The typical single-family home across King, Snohomish and Pierce counties cost 11 percent more in September than a year prior. That marked the biggest increase among the 20 major metro areas covered.
Seattle narrowly topped Portland, where home values gained 10.9 percent. For the prior eight months, Seattle had seen its home-price growth sit second in the country behind Portland.
Overall, Seattle prices are rising twice as fast as the rest of the country, as they have for most of this year.
The Case-Shiller index looks at only single-family homes, and compares the price of a home to the price of the same home the last time it was sold. The data does not include every home listing and tends to focus on existing homes rather than new construction.
When KIRO 7 asked the Northwest Multiple Listing Service for similar data, MLS provided numbers based on all listings of single-family homes and condominiums.
When looking at prices from January through October of 2016, MLS compared them to the same time period in 2015 and saw that the Belltown neighborhood of Seattle saw the largest price increase of 21.5 percent. All sales in this area were condominiums.
Using the same calculation, MLS shows that homes on the Eastside, south of I-90, had the smallest price gain of 8.2 percent when comparing 10 months in 2016 with the same 10 months the year before.
Seattle-based real estate website Zillow also calculated home values, but compared only the month of October 2016 with October 2015. In looking at both single-family homes and condominiums in this snapshot, Zillow said Seattle home prices have increased more than 12 percent.

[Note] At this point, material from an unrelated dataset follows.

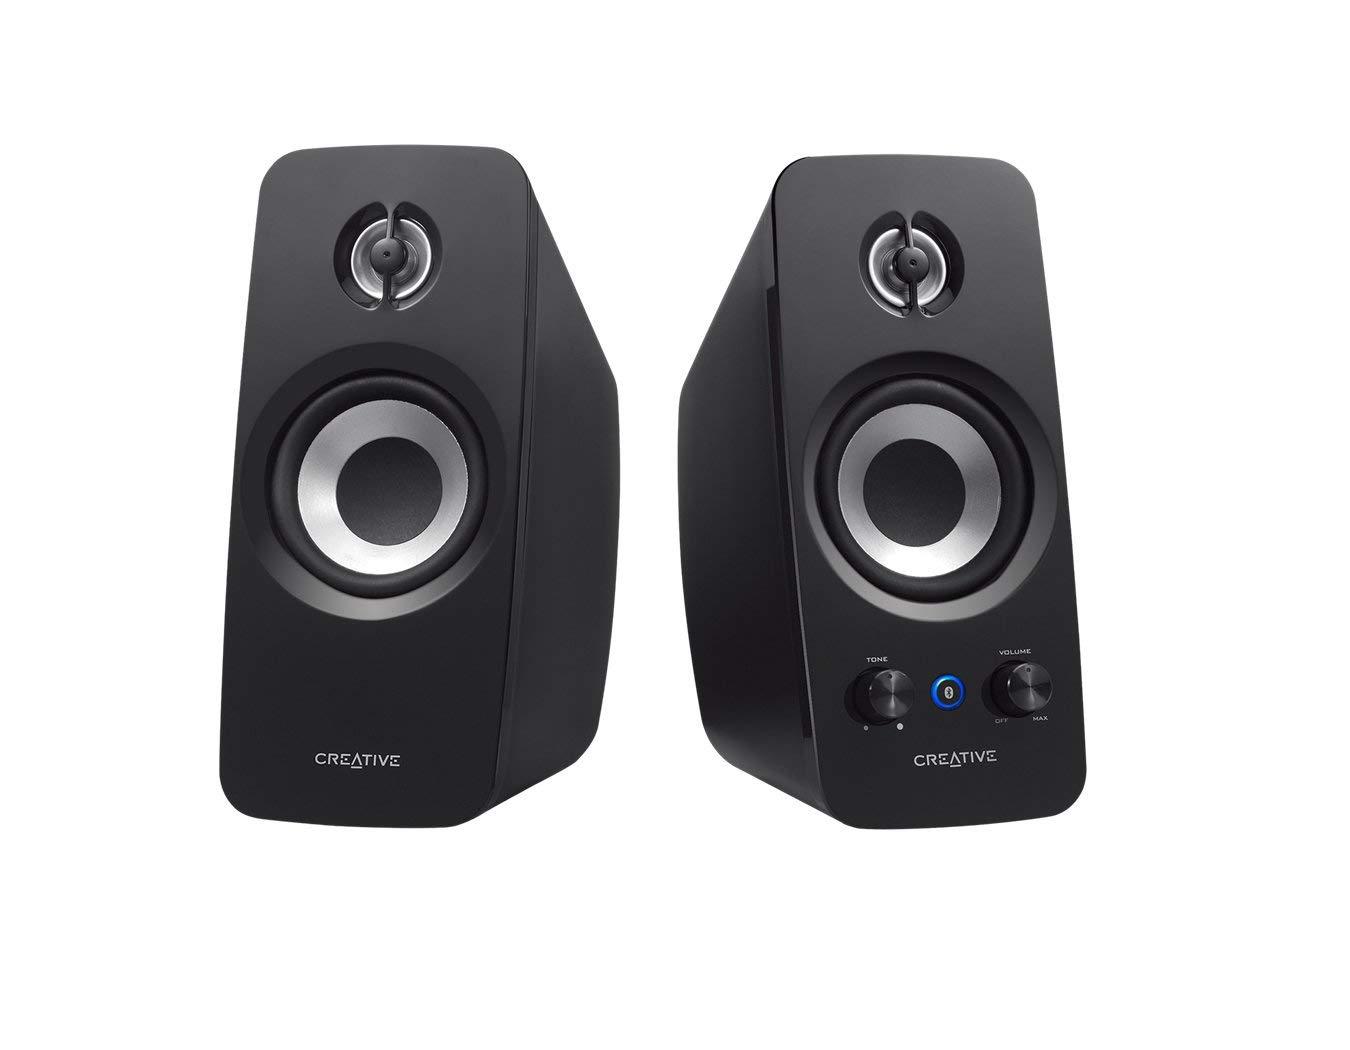 Creative T15 - 2.0 Bluetooth-Lautsprechersystem, schwarz (Zertifiziert und Generalü berholt)

That falls just behind Portland and Dallas.
Zillow produced a list of the fastest growing home prices, based on October data compared to one year ago.
The fastest growing home values are:
1. White Center – 21%
2. Mountlake Terrace – 19.8%
3. Bryn Mawr-Skyway – 18.7%
The slowest growing home values are:
1. Yarrow Point – 6.3%
2. Black Diamond – 7.2%
3. Darrington – 7.8%
Even areas with the slowest appreciation are meeting or exceeding the national average.
Zillow predicts that in 2017, home values in the Seattle metro area will increase at a slower rate, with an average of a 7 percent increase.